It seems to me that if Canon made an EF 400mm f4L IS, it shouldn't weigh or cost much more than the DO, but with out all of the short comings of the DO. So what is the benefit of DO?

*Estimated Retail Price (ERP) and weight were taken from the Canon USA site.


----------



## Kernuak (Feb 27, 2012)

But if you compare it to the original EF 400mm f/2.8, that was around 5360g, looking at some places that still have them for sale, so it was a significant weight saving then. The new teles are quite a bit lighter than the originals.


----------



## jwong (Feb 28, 2012)

eos650 said:


> My point being how much does the DO, with all of it's short comings actually reduce the weight and cost? If Canon made a 400 F4.0L, it would be significantly lighter and less expensive than the 400 F2.8L, also.
> 
> Here is comparison of two L-Series (Non DO) lenses, one at f2.8 and one at f4.0:
> EF 70-200 f2.8L IS II - weighs 1490g, ERP $2499
> ...



Perhaps the best direct comparison between DO and non-DO is the 70-300mm. The DO (f/4.5-5.6) version weighs about 25 oz and the non-DO L (f/4-5.6) is 37 oz. The DO elements allow them to bend the light at a steeper angle and allows the lens to be shorter. Unfortunately, the current generation of DO lenses result in IQ hits.


----------



## neuroanatomist (Feb 28, 2012)

jwong said:


> Perhaps the best direct comparison between DO and non-DO is the 70-300mm. The DO (f/4.5-5.6) version weighs about 25 oz and the non-DO L (f/4-5.6) is 37 oz.

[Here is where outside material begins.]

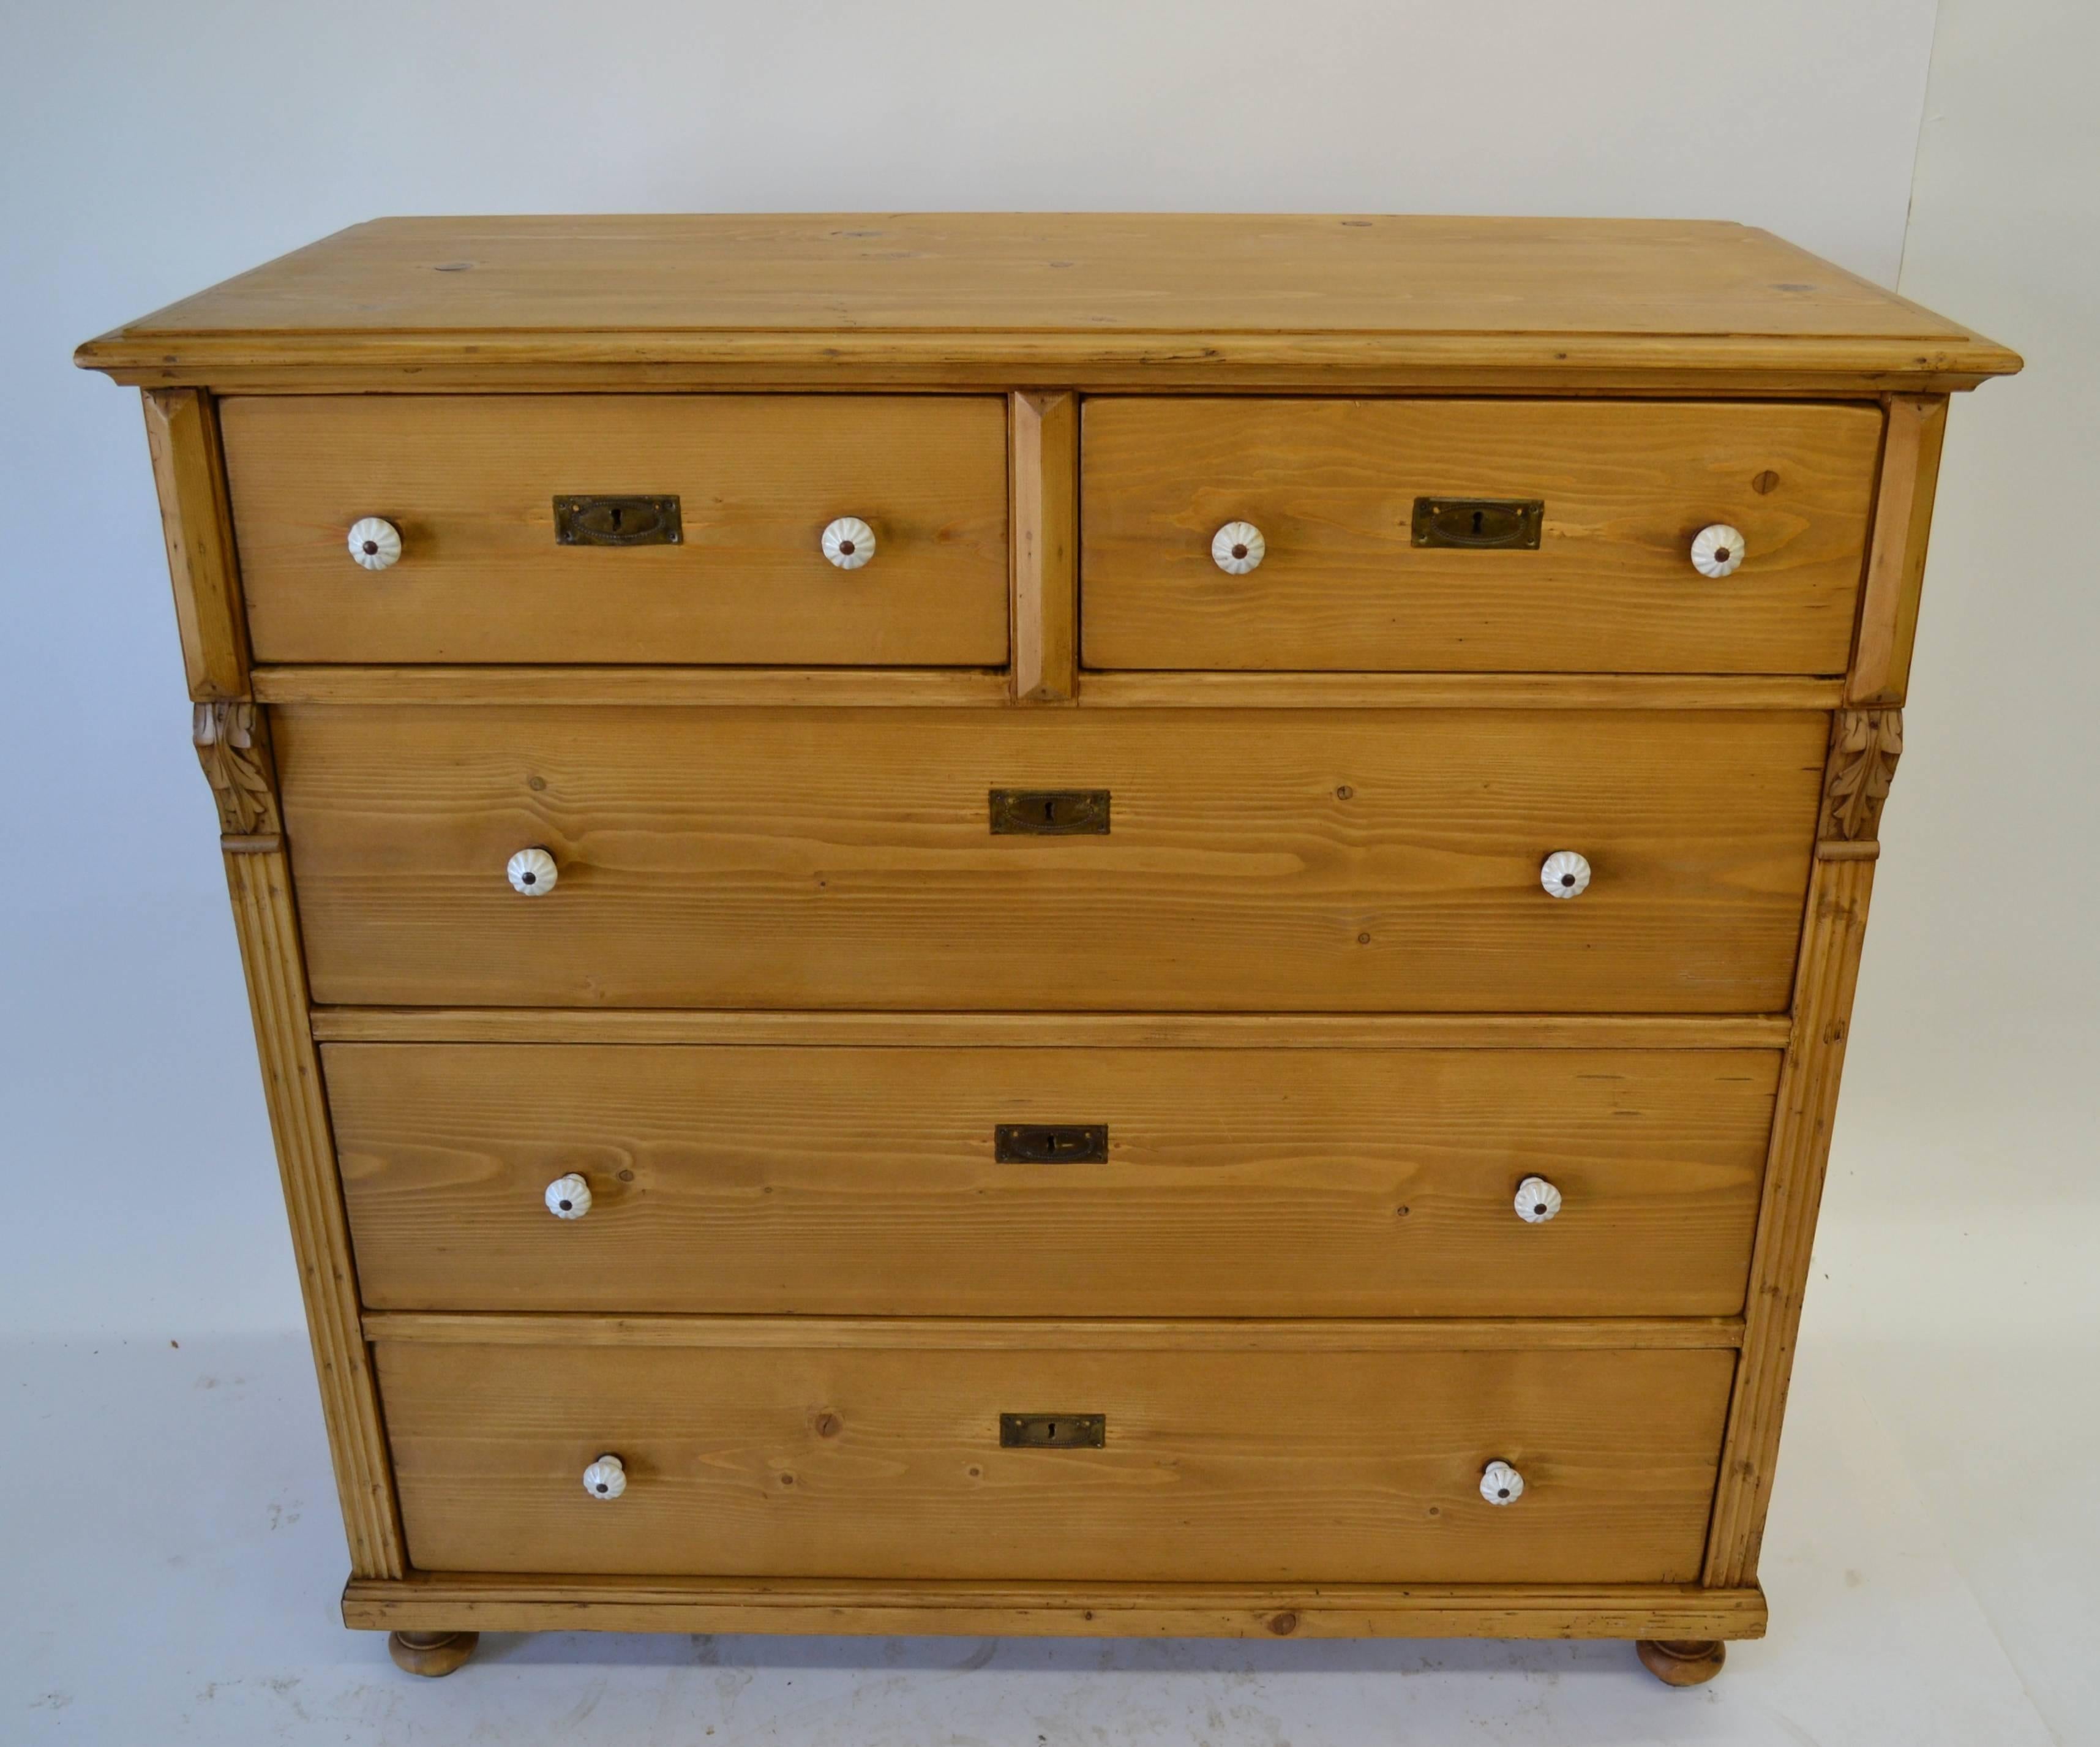 Polished Pine Chest of Drawers

I disagree. The 70-300mm DO lens isn't weather-sealed, has a narrower max aperture at the wide end, and a different zoom design. Rather, I suggest the best comparison is the 400mm f/4 DO to the 400mm f/4L. Canon never produced the latter lens, but they did make a prototype for comparison with the DO version. The DO lens is 26% shorter and 36% lighter. More details, including pics of the prototypes, can be found here.


----------



## noisejammer (Feb 28, 2012)

I own and enjoy using a 400/4DO... 

It's lighter than a 300/2.8, it's sharp, the bokeh is quite fine (imo it's better than the 70-200 / 2.8 Mk II) and it takes a 1.4x tc really well. Another plus is that inside or outside focus, it has absolutely zero chromatic aberration - you cannot do this with a conventional lens. 

Now it's not the equivalent of a 400/2.8 but neither is it $12k or whatever insane price is being asked. The IS is fairly rudimentary by current standards, so that could do with some work. It's also damn expensive - which is why I suspect it never really took off.

I did play with the 70-300 DO and was completely underwhelmed. The build quality is poor in comparison with the 70-300 L (which recently has sold for a similar price.) I've seen reports of inconsistent image quality over the zoom range - I observed this in the one I played with.

If memory serves, Canon recently was awarded patents for a 200/2 DO and maybe a 600/4. It strikes me that DO is one way to eliminate coloured bokeh in fast lenses... so one of these years they may be all we can buy.


----------